The enormous circulation of Sunday-school books, both in England and America, has resulted in a constant exchange of commodities. For many years we have given as freely as we have received; and if English reviewers from the first were disposed to look askance upon our contributions, English nurseries absorbed them unhesitatingly, and English children read them, if not with interest, at least with meekness and docility. When the "Fairchild Family" and the "Lady of the Manor" crossed the Atlantic to our hospitable shores, we sent back, returning evil for evil, the "Youth's Book of Natural Theology," in which small boys and girls argue their way, with some kind preceptor's help, from the existence of a chicken to the existence of God, thus learning at a tender age the first lessons of religious doubt. At the same time that the "Leila" books and "Mary and Florence" found their way to legions of young Americans, "The Wide, Wide World," "Queechy," and "Melbourne House,"—with its intolerable little prig of a heroine—were, if possible, more immoderately read in England than at home. And in this case, the serious wrong-doing lies at our doors. If the "Leila" books be rather too full of sermons and pious conversations, long conversations of an uncompromisingly didactic order, they are nevertheless interesting and wholesome, brimming with adventures, and humanized by a very agreeable sense of fun. Moreover, these English children, although incredibly good, have the grace to be unconscious of their goodness. Even Selina, who, like young Wackford Squeers, is "next door but one to a cherubim," is apparently unaware of the fact. Leila does not instruct her father. She receives counsel quite humbly from his lips, though she is full eight years old when the first volume opens. Matilda has never any occasion to remonstrate gently with her mother; and little Alfred fails, in the whole course of his infant life, to once awaken in his parents' friends an acute sense of their own unworthiness.
This conservative attitude is due, perhaps, to the rigid prejudices of the Old World. In our freer air, children, released from thraldom, develop swiftly into guides and teachers. We first introduced into the literature of the Sunday-school the offensively pious little Christian who makes her father and mother, her uncles and aunts, even her venerable grandparents, the subjects of her spiritual ministrations. We first taught her to confront, Bible in hand, the harmless adults who had given her birth, and to annihilate their feeble arguments with denunciatory texts. We first surrounded her with the persecutions of the worldly-minded, that her virtues might shine more glaringly in the gloom, and disquisitions on duty be never out of place. Daisy, in "Melbourne House," is an example of a perniciously good child who has the conversion of her family on her hands, and is well aware of the dignity of her position. Her trials and triumphs, her tears and prayers, her sufferings and rewards, fill two portly volumes, and have doubtless inspired many a young reader to set immediately about the correction of her parents' faults. The same lesson is taught with even greater emphasis by a more recent writer, whose works, I am told, are so exceedingly popular that she is not permitted to lay down her pen. Hundreds of letters reach her every year, begging for a new "Elsie" book; and the amiability with which she responds to the demand has resulted in a fair-sized library,—twice as many volumes probably as Sir Walter Scott ever read in the whole course of his childish life.

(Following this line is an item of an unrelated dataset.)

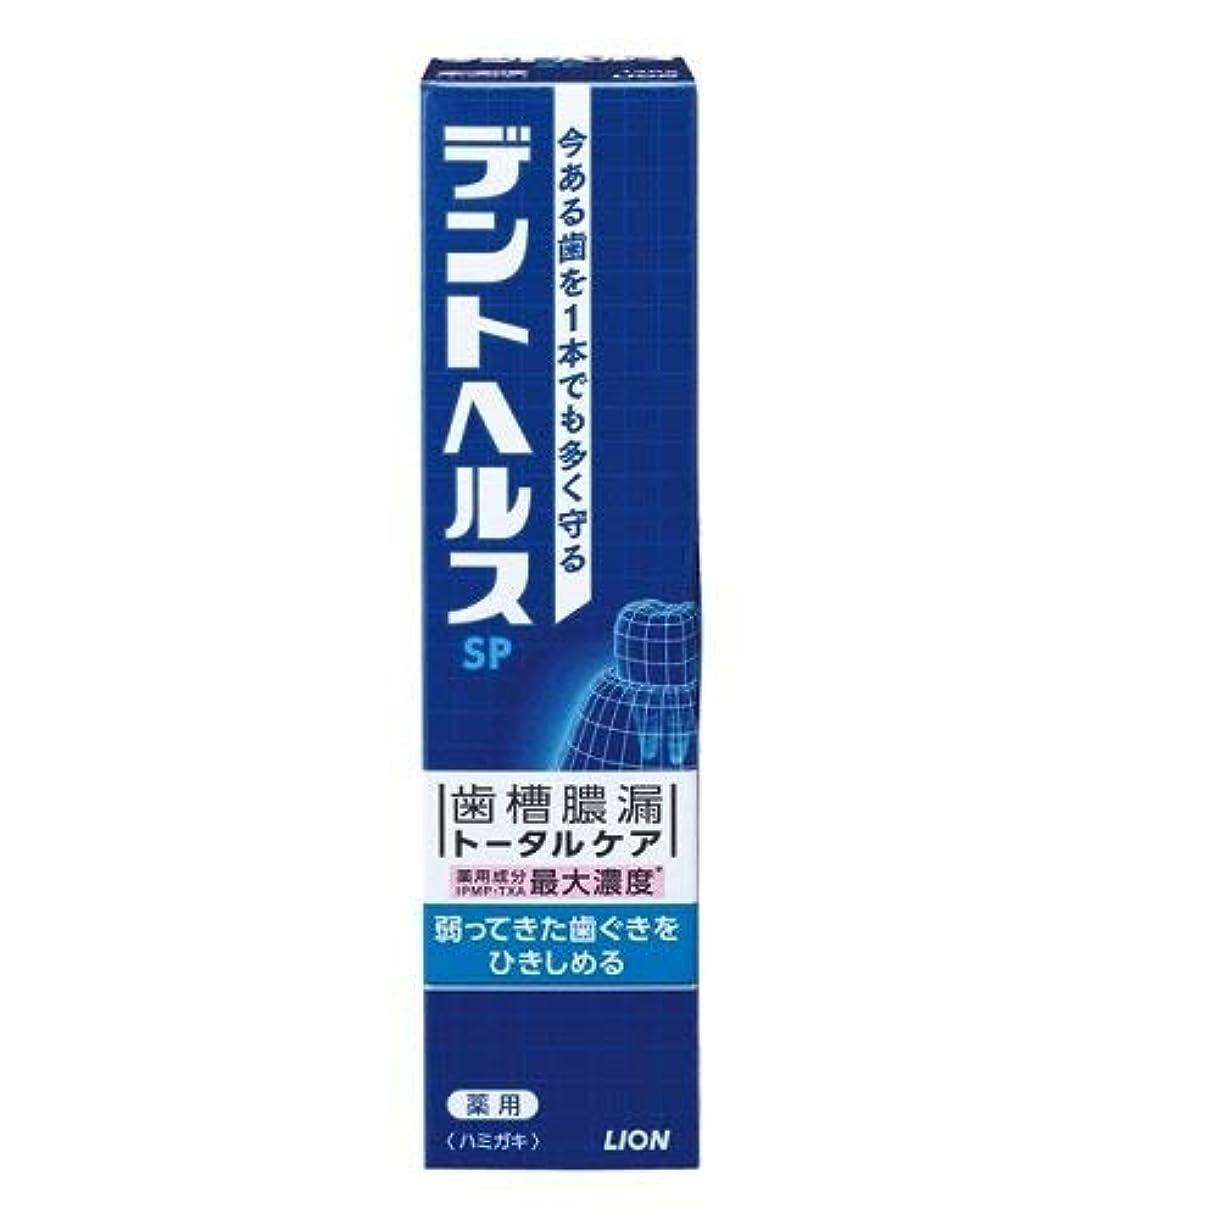 地下鉄緑一掃するライオン デントヘルス 薬用ハミガキ SP 120g (医薬部外品)× 4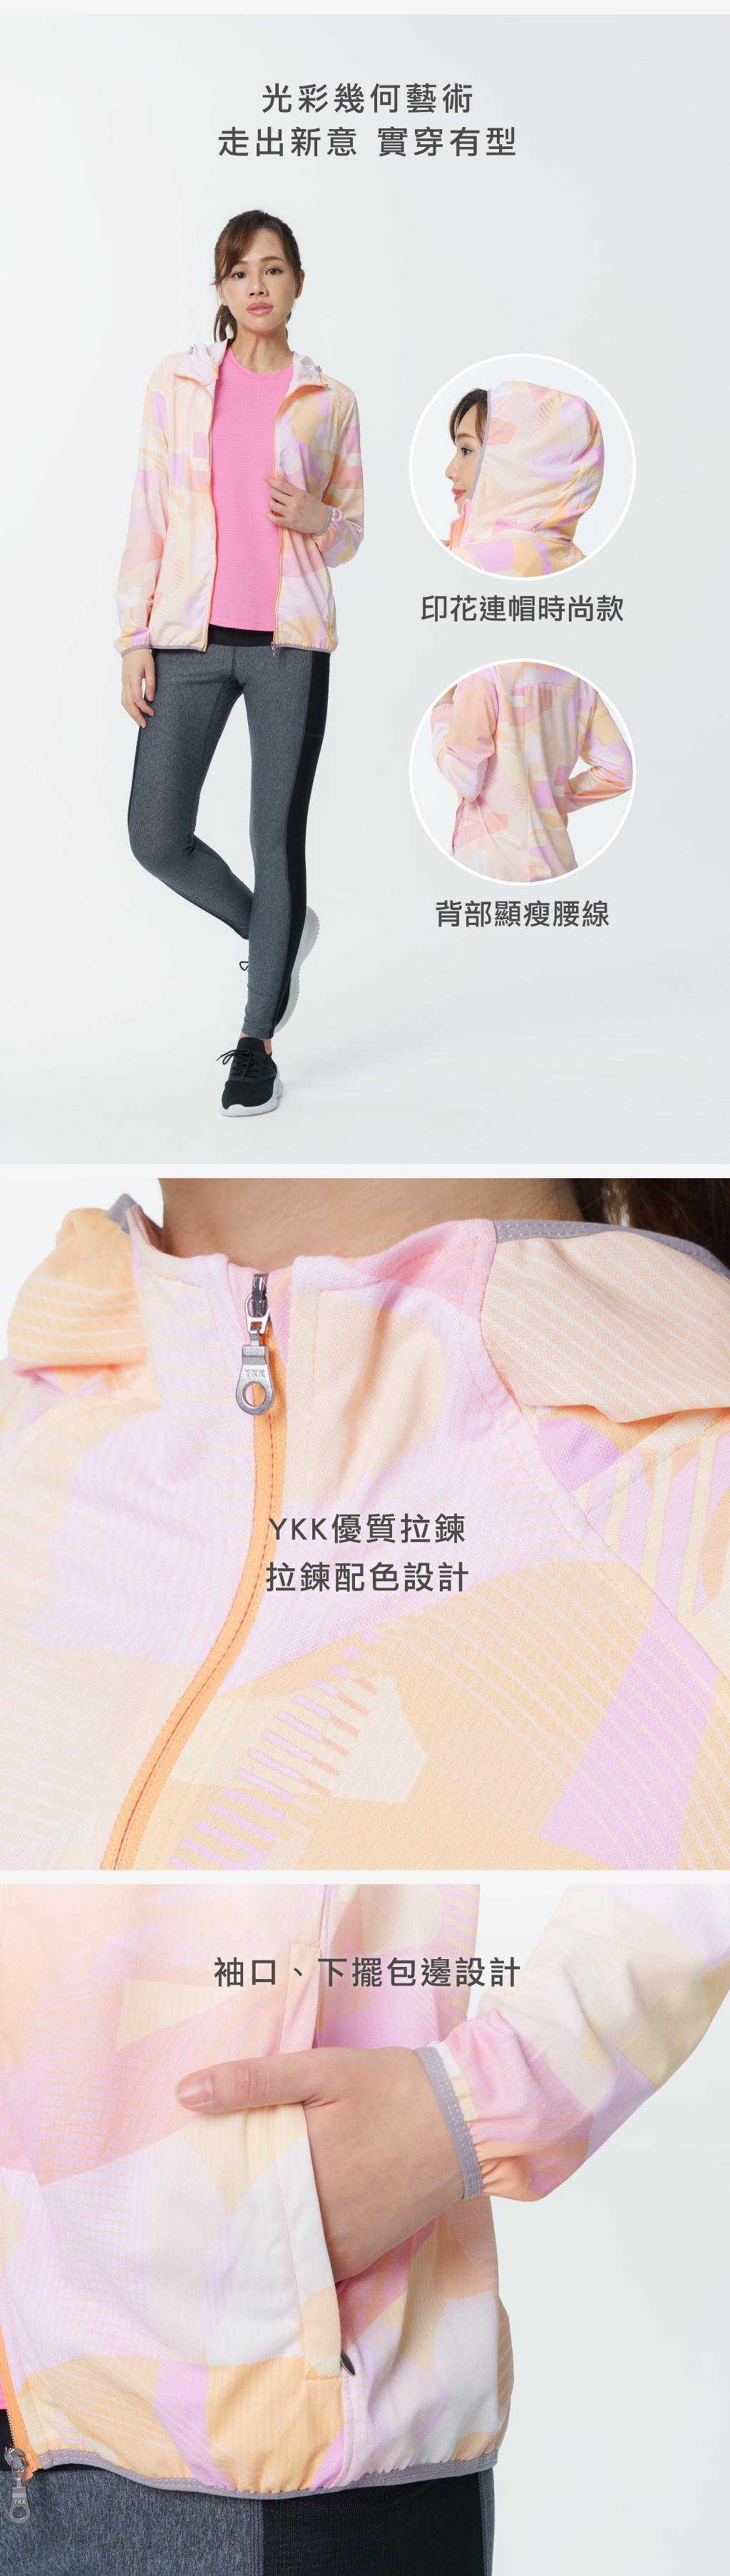 專利吸排女印花連帽外套-YA系列-享動時尚-宜而爽 YOURSUN 都會機能舒適生活服飾

Now if, as the "Ladies' Home Journal" informs us, "there has been no character in American juvenile fiction who has attained more widespread interest and affection than Elsie Dinsmore," then children have altered strangely since I was young, and "skipping the moral" was a recognized habit of the nursery. It would be impossible to skip the moral of the "Elsie" books, because the residuum would be nothingness. Lucy Fairchild and Daisy Randolph are hardened reprobates compared with Elsie Dinsmore. It is true we are told when the first book opens that she is "not yet perfect;" but when we find her taking her well-worn Bible out of her desk she is eight years old and consoling herself with texts for the injustice of grown-up people, we begin to doubt the assertion. When we hear her say to a visitor old enough to be her father: "Surely you know that there is no such thing as a little sin. Don't you remember about the man who picked up sticks on the Sabbath day?" the last lingering hope as to her possible fallibility dies in our dejected bosoms. We are not surprised after this to hear that she is unwilling to wear a new frock on Sunday, lest she should be tempted to think of it in church; and we are fully prepared for the assurance that she knows her father "is not a Christian," and that she "listens with pain" to his unprincipled conjecture that when a man leads an honest, upright, moral life, is regular in his attendance at church, and observes all the laws, he probably goes to heaven. This sanguine statement is as reprehensible to Elsie as it would have been to the Fairchild family; and when Mr. Dinsmore—a harmless, but very foolish and consequential person—is taken ill, his little daughter pours out her heart "in agonizing supplication that her dear, dear papa might be spared, at least until he was fit to go to Heaven."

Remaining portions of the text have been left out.